Zazen perfects the precepts because zazen works on a body level; it forces us to sit with the energies in the body, gives those energies a chance to be seen and to settle down.  Zazen is a practice in finding fulfillment in this very moment; so zazen is actually the precept of not-stealing, of not trying to gain something, of not trying to seek fulfillment elsewhere.  But it goes both ways; the precepts also facilitate zazen, the active practices, visualizations, and contemplations of selflessness and generosity and fulfillment alter and calm the organism and facilitate the deepening of zazen.

Monday, August 27, 2012

Returning: Care is the Source of My Practice


I have, after contemplating it for months, returned to sewing my rakusu.  Sewing is an act of devotion and commitment and faith.  While sewing we chant, internally, the refuges in Japanese.  The refuges in Japanese translate something like this:  I plunge headfirst, with absolutely no hesitation, into the Buddha, dharma, and sangha.  I feel ready for my practice to embody this faith; for my body, speech, and mind to embody this faith.  Even in moments when I do not actually feel ready, after a great deal of thought and feeling I desire this and believe in this. So the blog is actually partly about learning to embody and to express this faith and the rest of the dharma as I slowly come to understand it.  As a form of speech I hope it in some way manifests my sincere attempt to explore the precept of speaking in a beneficial way, speaking in a way that in itself manifests the precepts to whatever degree I am able. 

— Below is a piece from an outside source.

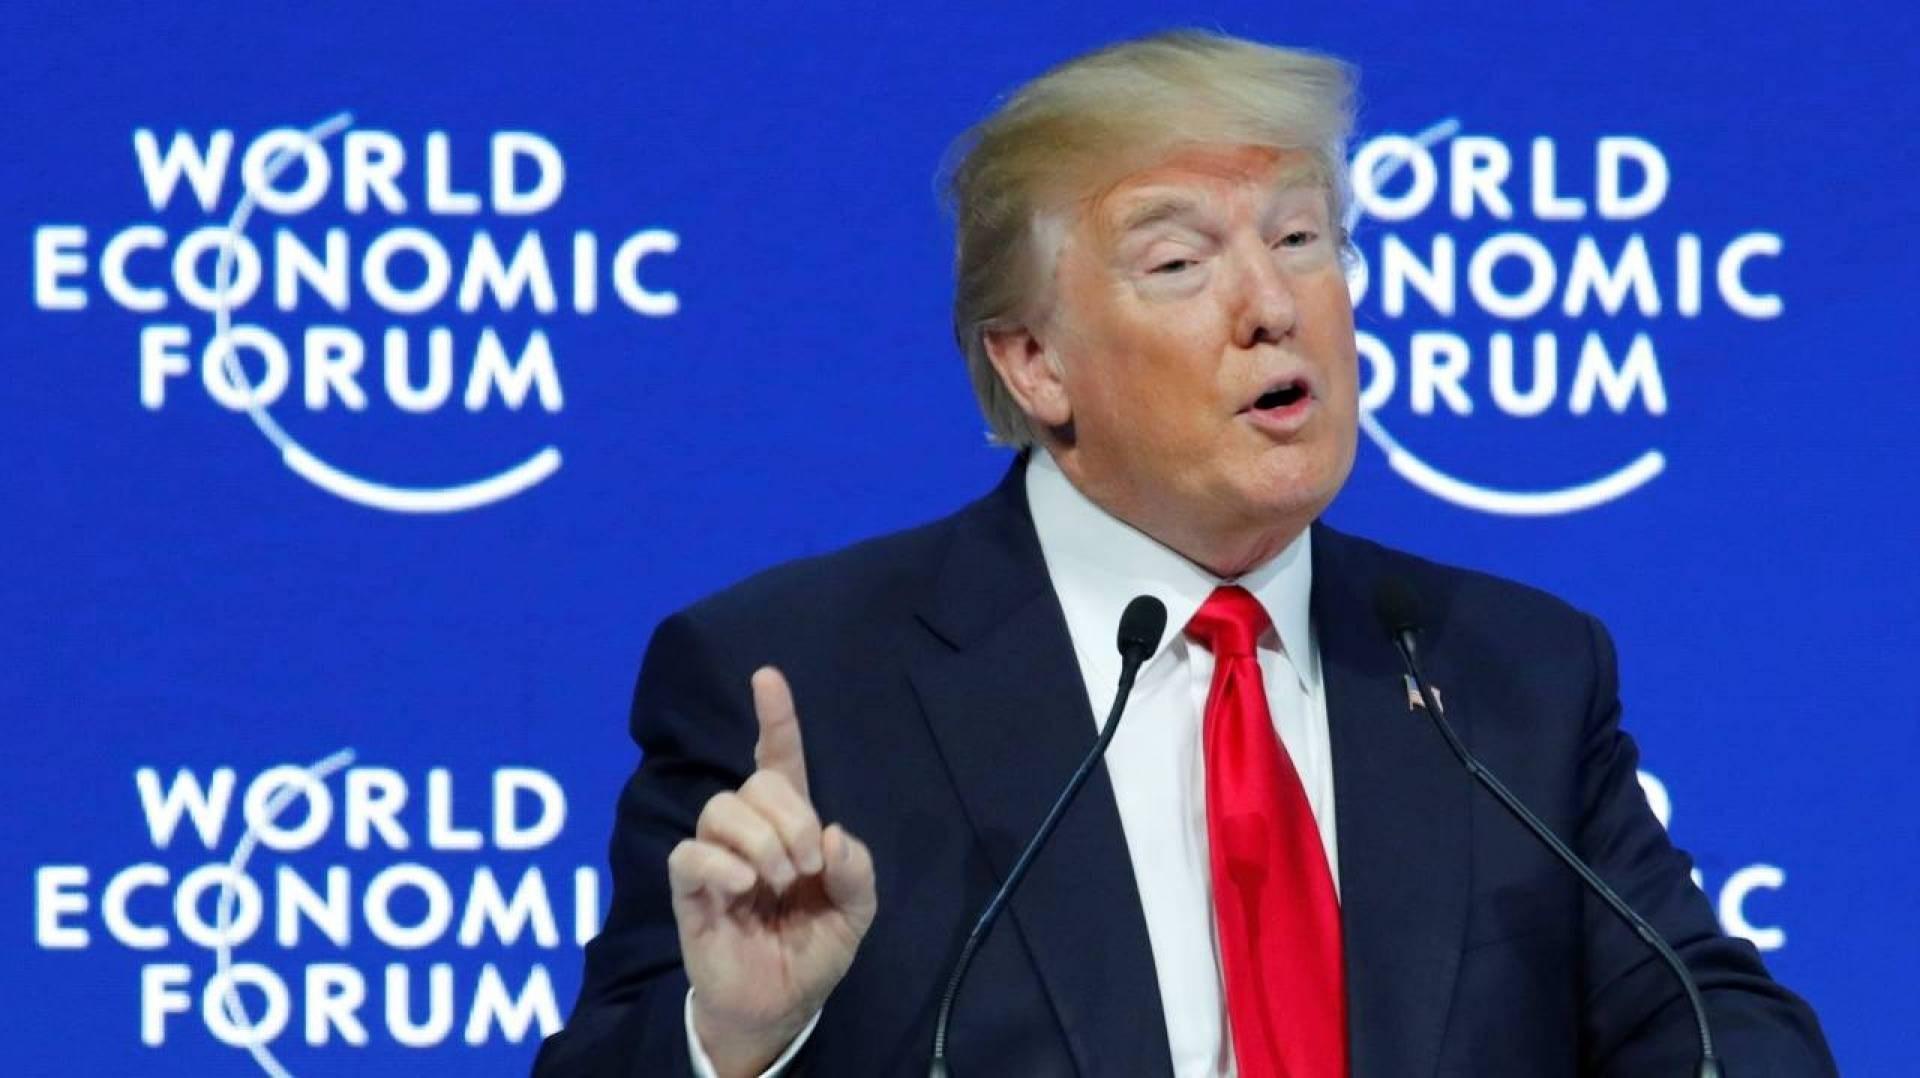 ترامب في منتدى دافوس الاقتصادي: العلاقات الصينية الأميركية بأفضل مراحلها

And so it feels like the right time for me to restart the blog.  I would like to devote this new beginning to caring deeply, to recognizing that the desire to care is the source of my practice, and to recognizing that the practice makes the deepest forms of care possible.  

I have recently been making a practice of reflecting on the six perfections, or paramitas.  The one that comes to mind this evening is danaparamita, the perfection of generosity.  This is because, right now I am experiencing great difficulty in terms of being generous to myself, which is the major prerequisite of loving and caring for other beings.  I hope I can find a way to explore why it is that it is so much easier to be generous to others than it is to myself, and to give myself all the nourishment and comfort that would allow me to fully be so much more deeply generous to others.  Every moment is an opportunity for self-generosity: so in this moment, as I prepare to go to sleep, I can be generous and nourishing to myself.  In this moment I can allow my body to fully feel my breath.  In this moment I can light candles, I can sit, I can let go of tensions.  Even as I dream, I can dream of warmth, of the clarity of love, of realization. 

My old teacher Baba Hari Dass used to say that as sadhana or daily spiritual practice begins to reform our organism, our organism naturally begins to practice sadhana even in sleep.  This is my experience too; if we shape ourselves through the constant focus on love and on cultivating the mind of enlightenment, then even in dreams we may pursue that greatest act of generosity possibility – the gift to all being, even to plants and rocks, of becoming enlightened to whatever capacity we can muster. 

So with that thought I’m off to bed; and moving forward, hope to keep this blog rolling and devoted to, above and beyond anything else, exploring how practice – including the paramitas, the precepts, Dogen, ritual, etc – facilitates deep care and love.  Because at the heart of it, that’s all that matters to me, and I’m only deepening my practice because I believe more than ever before that this practice is a solid and profound way to love very, very deeply.